Trotz sinkender Corona-Infektionszahlen zeichnet sich angesichts der Furcht vor einer Ausbreitung besonders ansteckender Virus-Varianten kein baldiges Ende des Lockdowns in Deutschland ab. Bundes- und Landespolitiker plädierten zum Teil für eine Verlängerung der Maßnahmen. „Besser jetzt noch ein wenig länger etwas härtere Maßnahmen als ein Raus-Rein-Raus-Rein, was letztlich alle zermürbt“, sagte Unionsfraktionschef Ralph Brinkhaus den Zeitungen des Redaktionsnetzwerks Deutschland (RND) vom Samstag.
Der harte Lockdown mit geschlossenen Schulen, der angeordneten Schließung der meisten Geschäfte sowie strengen Kontaktbeschränkungen gilt bislang bis zum 14. Februar. In den kommenden Tagen werden Bundeskanzlerin Angela Merkel (CDU) und die Ministerpräsidentinnen und -präsidenten der Länder darüber beraten, wie es danach weitergeht.
Merkel mahnte in ihrem wöchentlichen Video-Podcast, in dem sie die Belastungen von Familien in der Corona-Pandemie als „gewaltigen Kraftakt“ würdigte, zu Vorsicht und Geduld. Die Infektionszahlen gingen zwar seit einiger Zeit zurück, „die Richtung stimmt“. Es bestehe aber eine „sehr reale Gefahr“ durch hochansteckende neue Virus-Varianten. „Deshalb müssen wir auf unserem Weg durch die nächsten Wochen vorsichtig und behutsam handeln“, sagte Merkel.
Bundesinnenminister Horst Seehofer (CSU) machte deutlich, dass er keinen großen Spielraum für Lockerungen sieht. „Im Moment kann niemand seriös beurteilen, wie es Mitte Februar weitergeht“, sagte der CSU-Politiker der „Augsburger Allgemeinen“. Eins könne aber nach allen Erfahrungen gesagt werden: „Man wird auch nach einem Lockdown nicht sofort und vollständig zu normalen Verhältnissen zurückkehren können.“ Das werde nur „stufenweise“ möglich sein, andernfalls drohe „ein Rückfall in die dritte Welle“.

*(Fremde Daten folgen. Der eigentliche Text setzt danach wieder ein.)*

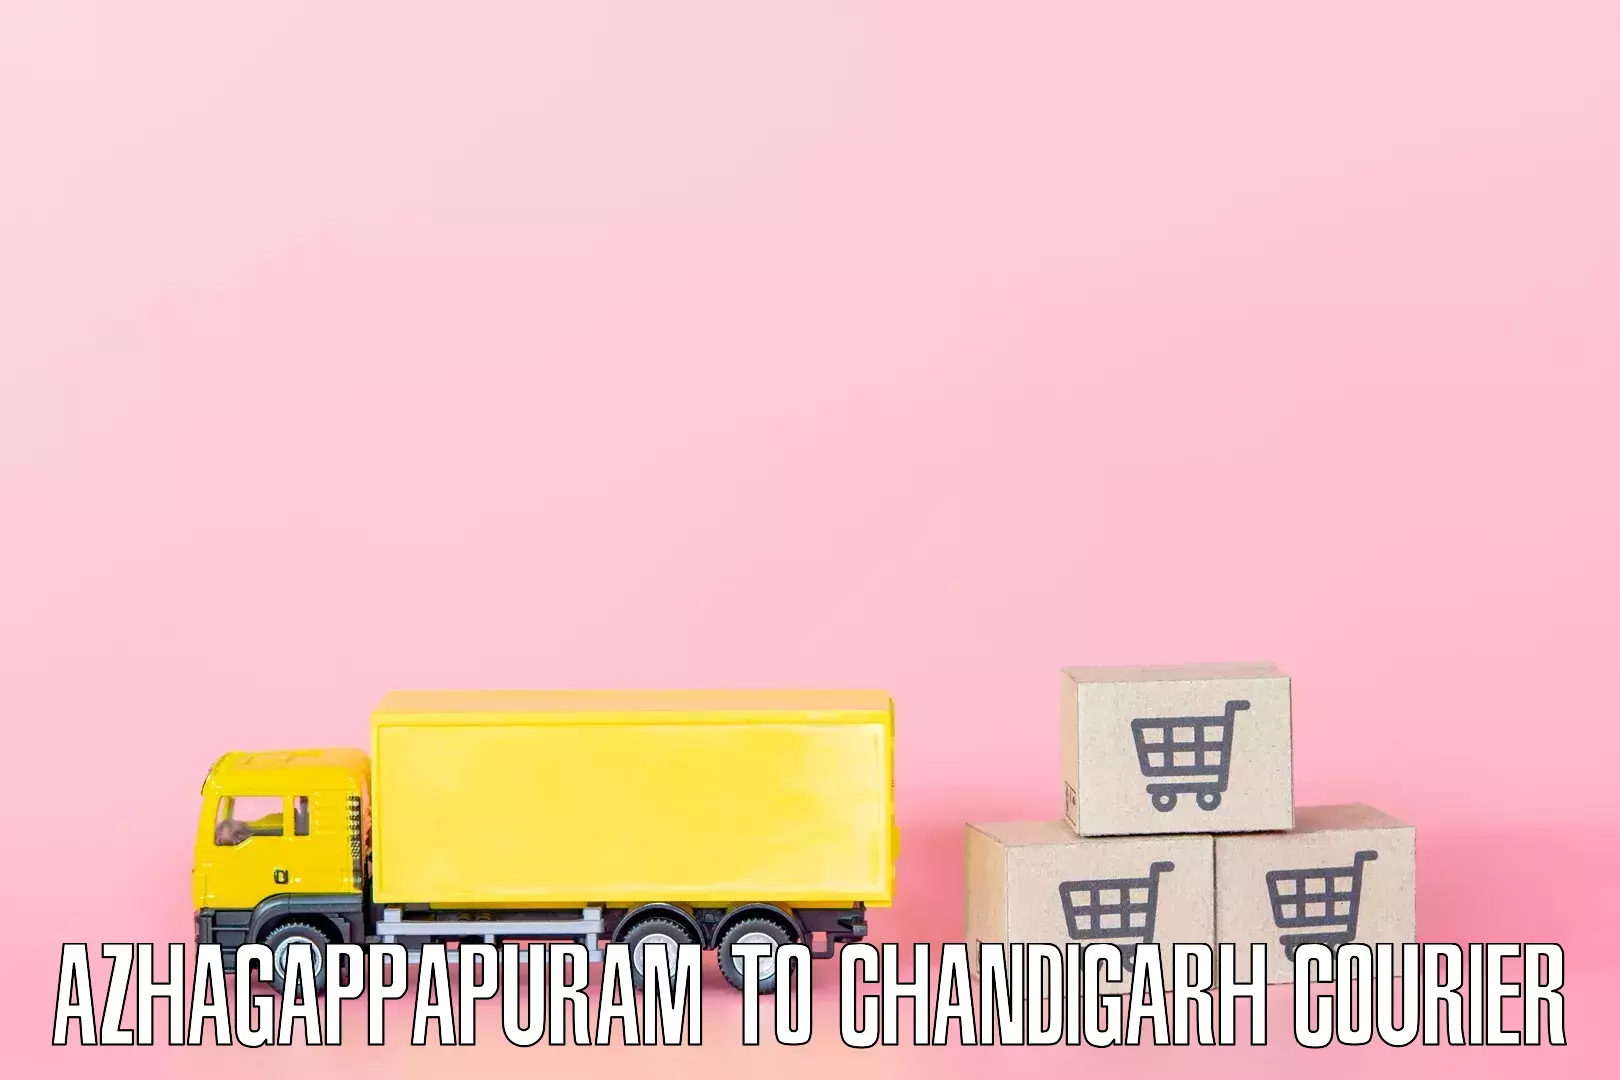 Efficient relocation services Azhagappapuram to Chandigarh

Unionsfraktionschef Brinkhaus sagte den RND-Zeitungen, viele Lockdown-Maßnahmen müssten im Kern vermutlich noch einmal verlängert werden. „Wir müssen die Zahlen jetzt weit herunterbekommen“, betonte der CDU-Politiker.
Mecklenburg-Vorpommerns Ministerpräsidentin Manuela Schwesig (SPD) dämpfte ebenfalls die Hoffnungen auf baldige Lockerungen. Sie betrachte die Verbreitung der Virus-Varianten mit „ganz großer Sorge“, sagte Schwesig am Freitagabend in der ARD. „Dann, glaube ich, reden wir weniger über Lockerungen, sondern eher über Verschärfungen.“
Saarlands Ministerpräsident Tobias Hans (CDU) forderte einen „Perspektivplan“ zur vorsichtigen Lockerung der Maßnahmen. „Wir brauchen Geduld, weil wir noch einige Zeit mit vielen Einschränkungen leben müssen“, sagte Hans der „Rheinischen Post“. Doch zugleich sei es „wenig hilfreich, wenn wir den Menschen jeden Hoffnungsschimmer auf Änderungen nehmen“. Deutschland könne „nicht ewig im vollen Lockdown verbleiben, das ist eine zu große Belastung besonders für unsere Familien“.
Ähnlich äußerte sich Thüringens Ministerpräsident Bodo Ramelow (Linke). „Meine Perspektive ist keine Lockerungsdebatte, sondern ein Fahrplan, der uns über Monate hinweg eine Perspektive gibt“, sagte Ramelow den Zeitungen des Redaktionsnetzwerks Deutschland. Dazu gehörten ein Kriterienkatalog, was bei bestimmten Inzidenzen und medizinischen Versorgungskapazitäten geschehe. Der Fahrplan solle möglichst bis Ostern gelten.
FDP-Fraktionschef Christian Lindner forderte nach einer Fraktionsklausur der Liberalen, es müsse den Menschen vermittelt werden, „was die nächsten Schritte sind“. Das Land könne nicht „dauerhaft im jetzigen Lockdown“ gehalten werden. Die Familien seien „mit den Nerven fertig, neue Durchhalteparolen bringen hier nichts“. Es brauche jetzt Schritte, damit Kitas und Schulen wieder geöffnet werden könnten.